Yeah, that's a general concern that Stephen raised several time as well.
We need to figure out some way to handle that.

>>>   * Define constraints on properties
>>>
>>> To define constraints on a property one has to create a node in a schema
>>> which has as name the name of the property that one want to validate.
>>>
>>> To specify constraints on the property "ti,hwmods" of OMAP Timers one
>>> can write this schema:
>>>
>>> 	/dts-v1/;
>>> 	/ {
>>> 		compatible = "ti,omap[0-9]+-timer";
>>> 		ti,hwmods {
>>> 			...
>>> 		};
>>
>> compatible and ti,hwmods are both properties in the DT file. However, in
>> the schema above, one appears as a property, and one as a node. I don't
>> like that inconsistency. It'd be better if compatible was a node too.
>
> Essentially what's going on here is that to describe the constraint on
> a property, a node with corresponding name is defined to encode the
> parameters of that constraint.  It kind of works, but it's forced.  It
> also hits problems since nodes and properties are technically in
> different namespaces, although they rarely collide in real cases.

OK, so would you suggest keeping mapping between node / attribute in DTS 
and in the schema?

>>> If one want to use a regular as property name one can write this schema:
>>>
>>> 	/dts-v1/;
>>> 	/ {
>>> 		compatible = "abc";
>>> 		def {
>>> 			name = "def[0-9]";
>>
>> Isn't it valid to have a property named "name" within the node itself?
>> How do you differentiate between specifying the node name and the name
>> property?
>
> Or to look at it another way, how do you differentiate between nodes
> representing encoded constraints for a property, and nodes
> representing nodes directly.
>
>> What if the node name needs more validation than just a regex. For
>> example, suppose we want to validate the
>> unit-name-must-match-reg-address rule. We need to write some complex
>> expression using data extracted from reg to calculate the unit address.
>> Equally, the node name perhaps has to exist in some global list of
>> acceptable node names. It would be extremely tricky if not impossible to
>> do that with a regex.
>>
>>> 			...
>>> 		};
>>> 	};
>>>
>>> Above one can see that the "name" property override the node name.
>>
>> Override implies that dtc would change the node name during compilation.
>> I think s/override/validate/ or s/override/overrides the validation
>> rules for/?
>
> Actually, dtc already contains checks that a "name" property (if
> present) matches the unit name.  Name properties vs. node names work a
> bit differently in the flat-tree world versus traditional OF, and this
> checks ensures that flat trees don't do (at least some) things which
> would break the OF traditional approach.
>
>>>   * Require the presence of a property inside a node or inside one of its
>>> parents
>> ...
>>> /dts-v1/;
>>> / {
>>>      compatible = "ti,twl[0-9]+-rtc";
>>>      interrupt-controller {
>>>          is-required;
>>>          can-be-inherited;
>>
>> interrupt-controller isn't a good example here, since it isn't a
>> property that would typically be inherited.
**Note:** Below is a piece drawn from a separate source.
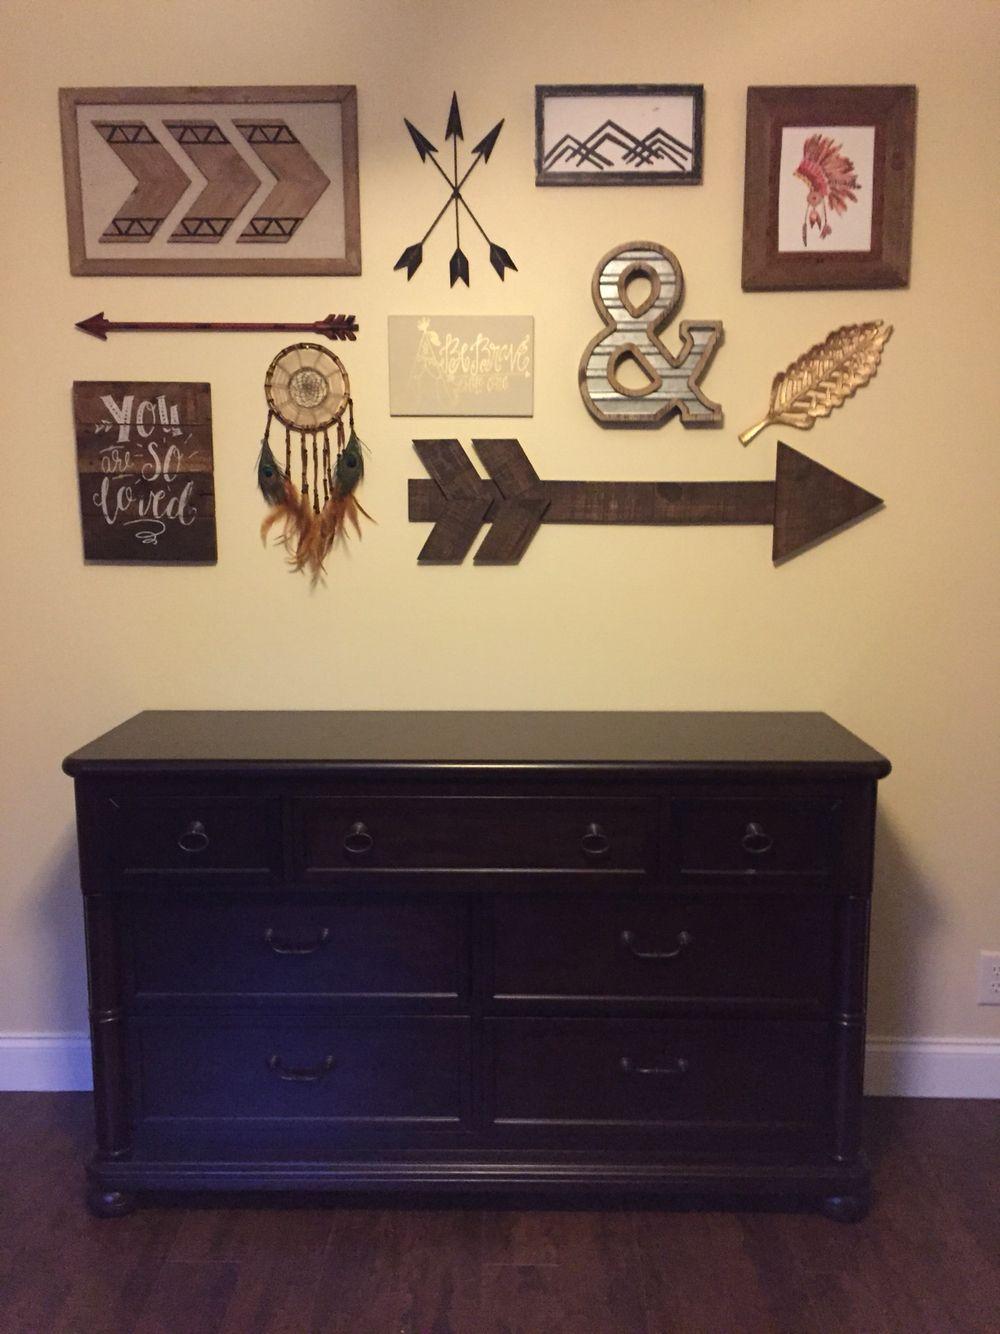 Aztec Nursery! | room ideas | Pinterest | Aztec nursery, Aztec and ...

Why not use interrupt-parent
>> instead?
>>
>>> One can check if 'node' has the following subnode 'subnode1', 'subnode2',
>>> and 'abc' with the schema below:
>>>
>>> /dts-v1/;
>>> / {
>>>      compatible = "comp";
>>>      children = "abc", "subnode[0-9]";
>>> };
>>
>> How is the schema for each sub-node specified?
>>
>> What if some nodes are optional and some required? The conditions where
>> a sub-node is required might be complex, and I think we'd always want to
>> be able to represent them in whatever schema language we chose.
>>
>> The most obvious way would be to make each sub-node's schema appear as a
>> sub-node within the main node's schema, but then how do you tell if a
>> schema node describes a property or a node?
>>
>> Note that the following DT file is currently accepted by dtc even if it
>> may not be the best choice of property and node names:
>>
>> ==========
>> /dts-v1/;
>>
>> / {
>> 	foo = <1>;
>> 	foo {};
>> };
>> ==========
>
> Note that node / property name collisions are not entirely theoretical
> either.  They are permitted in IEEE1275 and there are real Apple
> device trees in the wild which have them.  It's rare and discouraged,
> obviously.
>
>>>   * Constraints on array size
>>>
>>> One can specify the following constraints on array size:
>>>   - length: specify the exact length that an array must have.
>>>   - min-length: specify the minimum number of elements an array must have.
>>>   - max-length: specify the maximum number of elements an array must have.
>>
>> This seems rather inflexible; it'll cover a lot of the simple cases, but
>> hit a wall pretty soon. For example, how would it validate a property
>> that is supposed to include 3 GPIO specifiers, where the GPIO specifiers
>> are going to have DT-specific lengths, since the length of each
>> specifier is defined by the node that the phandles reference?
>>
>>
>> Overall, I believe perhaps the single most important aspect of any DT
>> schema is schema inheritance or instancing, and this proposal doesn't
>> appear to address that issue at all.
>>
>> Inheritance of schemas:
>>
>> For example, any node that is addressed must contain a reg property. The
>> constraints on that property are identical in all bindings; it must
>> consist of #address-cells + #size-cells integer values (cells). We don't
>> want to have to cut/paste that rule into every single binding
>> definition. Rather, we should simply say something like "this binding
>> uses the reg property", and the schema validation tool will look up the
>> definition of "reg property", and hence know how to validate it.
>>
>> Similarly, any binding that describes a GPIO controller will have some
>> similar requirements; the gpio-controller and #gpio-cells properties
>> must be present. The schema should simply say "I'm a GPIO controller",
>> and the schema tool should add some extra requirements to nodes of that
>> type.
>>
>> Instancing of schemas:
>>
>> Any binding that uses GPIOs should be able to say that a particular
>> property (e.g. "enable-gpios") is-a GPIO-specifier (with parameters
>> "enable" for the property name, min/max/expression length, etc.), and
>> then the schema validation tool would know to apply rules for a
>> specifier list to that property (and be able to check the property name).
>
> Yes, I agree both of those are important.
>
>
> So, here's a counter-proposal of at least a rough outline of how I
> think schemas could work, in a way that's still based generally on dt
> syntax.

That seems to be well aligned with what we tried to achieve, so I'm not 
considering that as a counter-proposal but as a refinement. :-)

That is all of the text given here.